Dans la voiture, vers 8h.
Il y a eu la mort de mon père, évidemment. Et tes mains dans les miennes; seules ancres qui me retenaient du vide absolu de la douleur.
Il y a eu la khâgne, durant laquelle quasiment personne n'a voulu entendre mes appels au secours. Dépression, paraît-il. L'ombre qui était moi-même te cherchait.
Il y a eu la Fac insipide et anonyme, que j'ai traversée parce qu'il le fallait bien. Les échecs que je provoquais, seule. Seule.

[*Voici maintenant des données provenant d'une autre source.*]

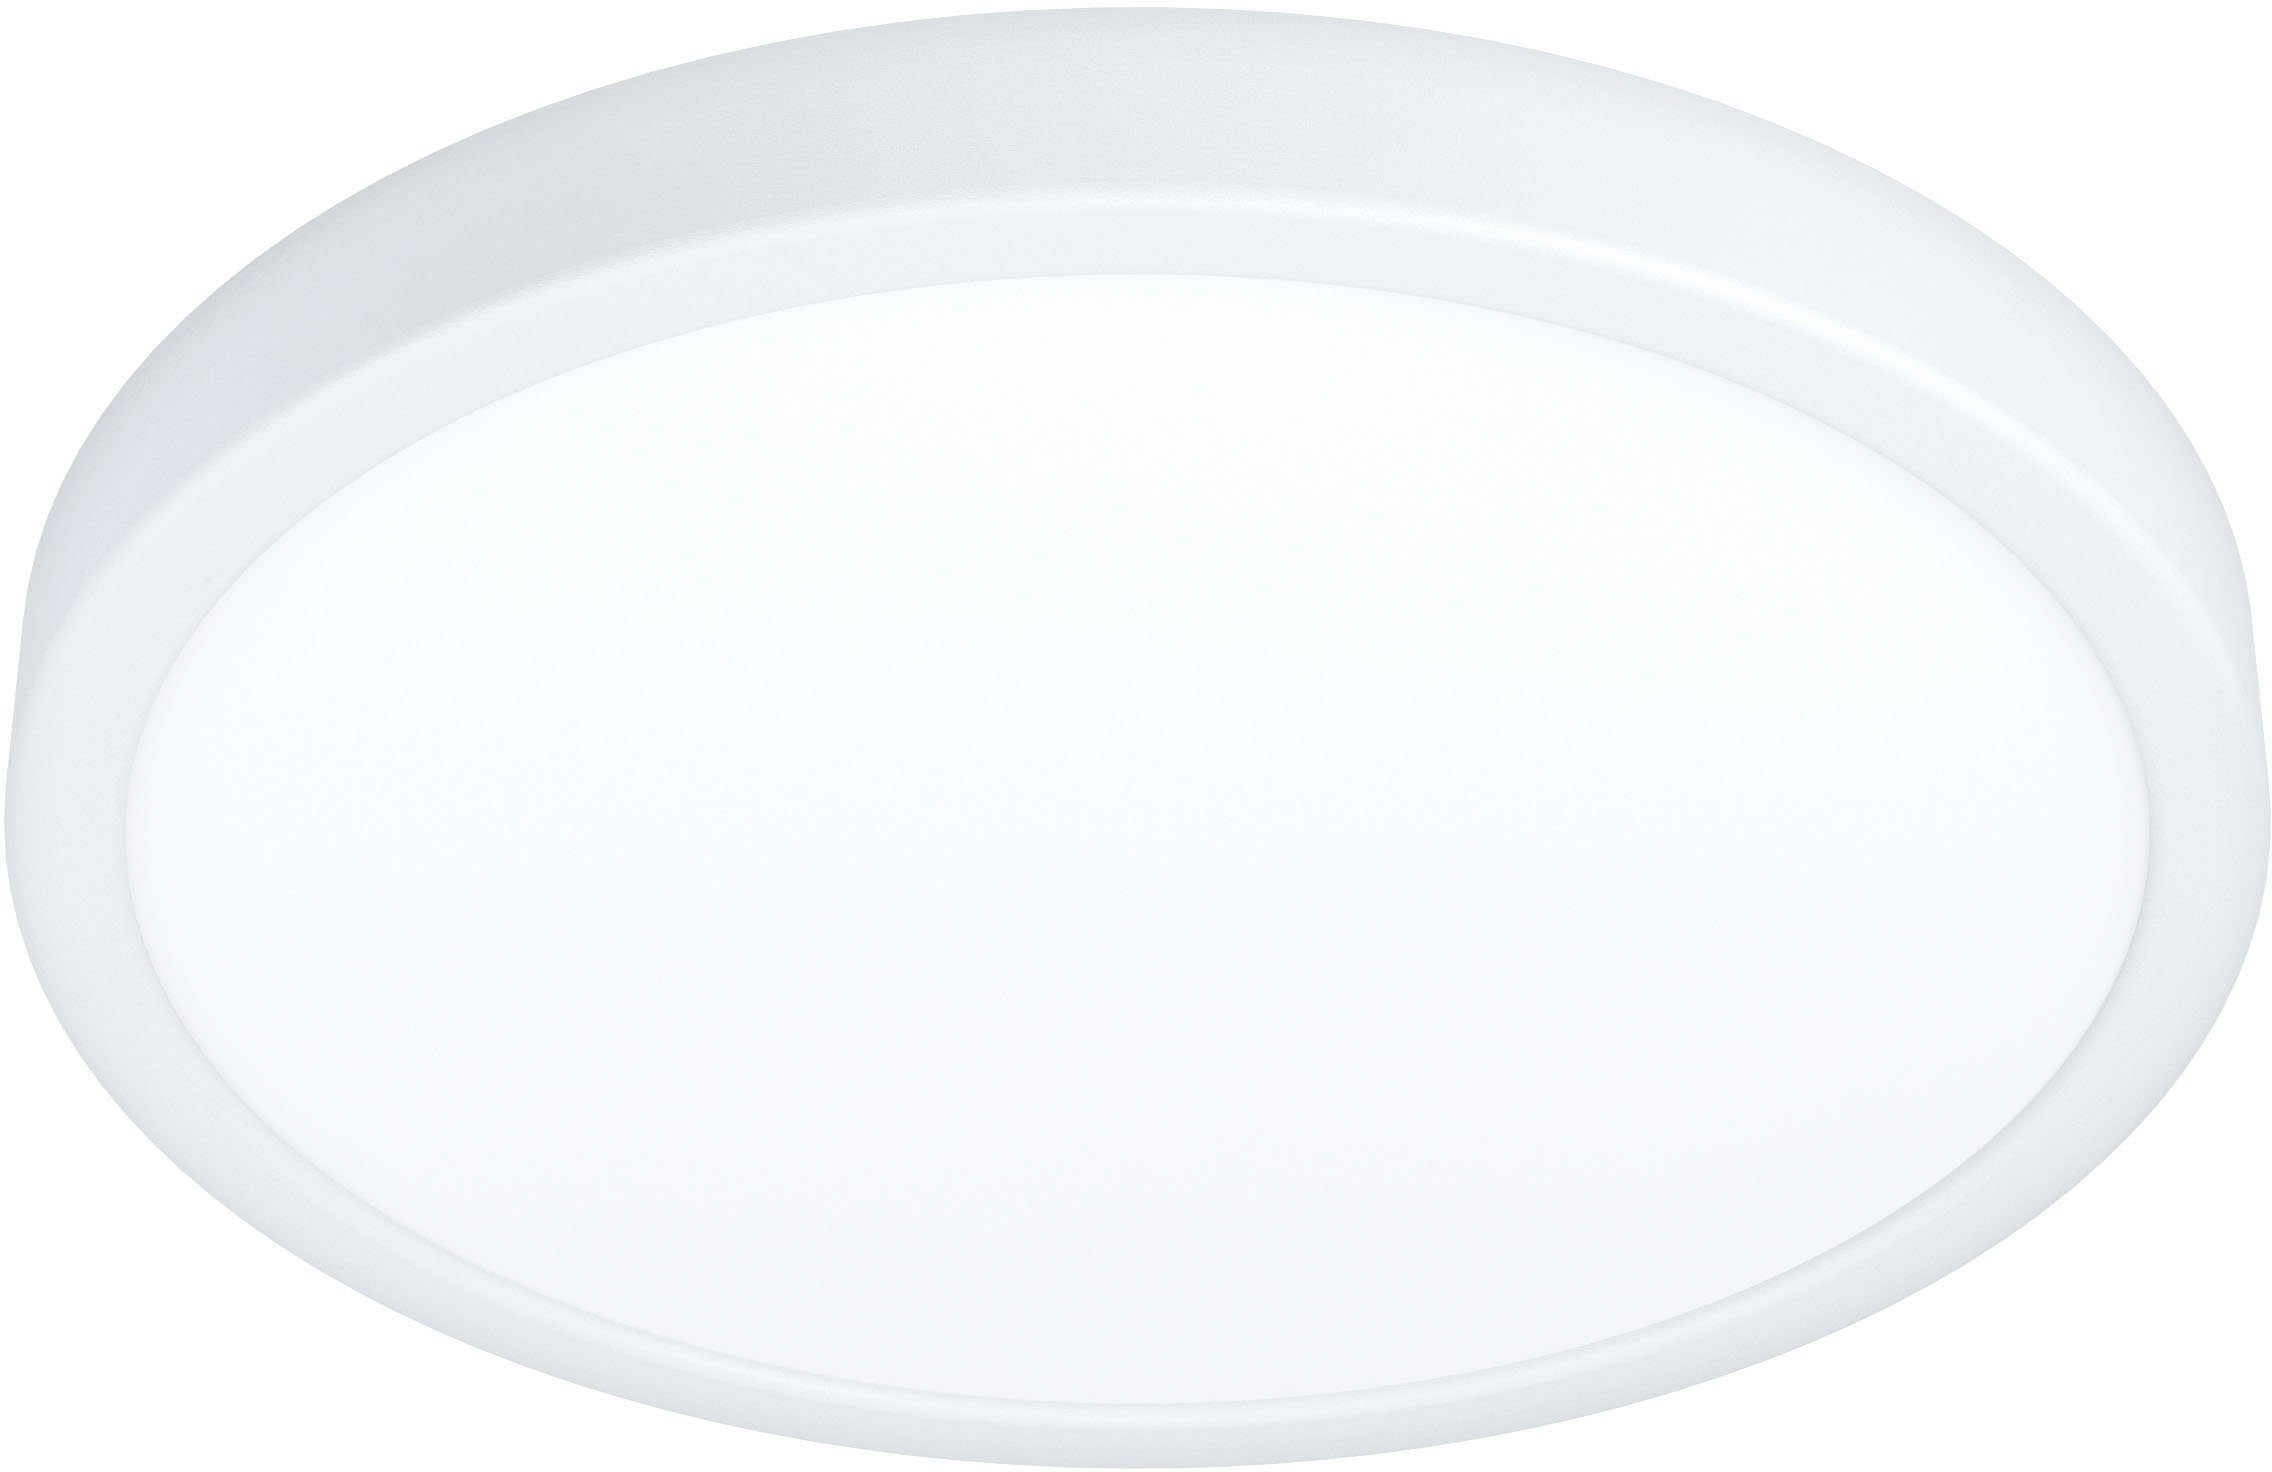 EGLO Deckenleuchte FUEVA 5, LED fest integriert, Neutralweiß, Ø 28,5 cm, Deckenlampe, Badezimmer Lampe, LED Aufbaulampe, IP44

Il y a eu les petits boulots insipides et absurdes, pour payer les factures. Mais je n'étais plus seule. J'ai eu peur d'enseigner, peur d'être mauvaise, certaine d'être toujours en-deça de mes modèles. Toi.
Il y a eu mes premiers remplacements où je me sentais si bien. Je cherchais à te ressembler en cours, sans le savoir.
Il y a eu le CAPES, décroché par hasard. Et je le dédiai à tous mes absents, morts ou vivants.
Il y a eu la mort de ma grand-mère, celle en qui je voyais encore mon père. Celle qui m'a attendue pour mourir, juste après mon retour de vacances. Et les vivants se terrent dans le silence.
Il y a le bénévolat. Je cherche, encore et toujours, une utilité, une reconnaissance. Celle de mes absents.
Il y a les élèves inatteignables et violents. Et je me dis que tu aurais la solution. Les réponses à mes questions.
Il y a ces espoirs sans noms auxquels je me raccrocherai systématiquement, car je crois en cela. L'humain. Malgré tout.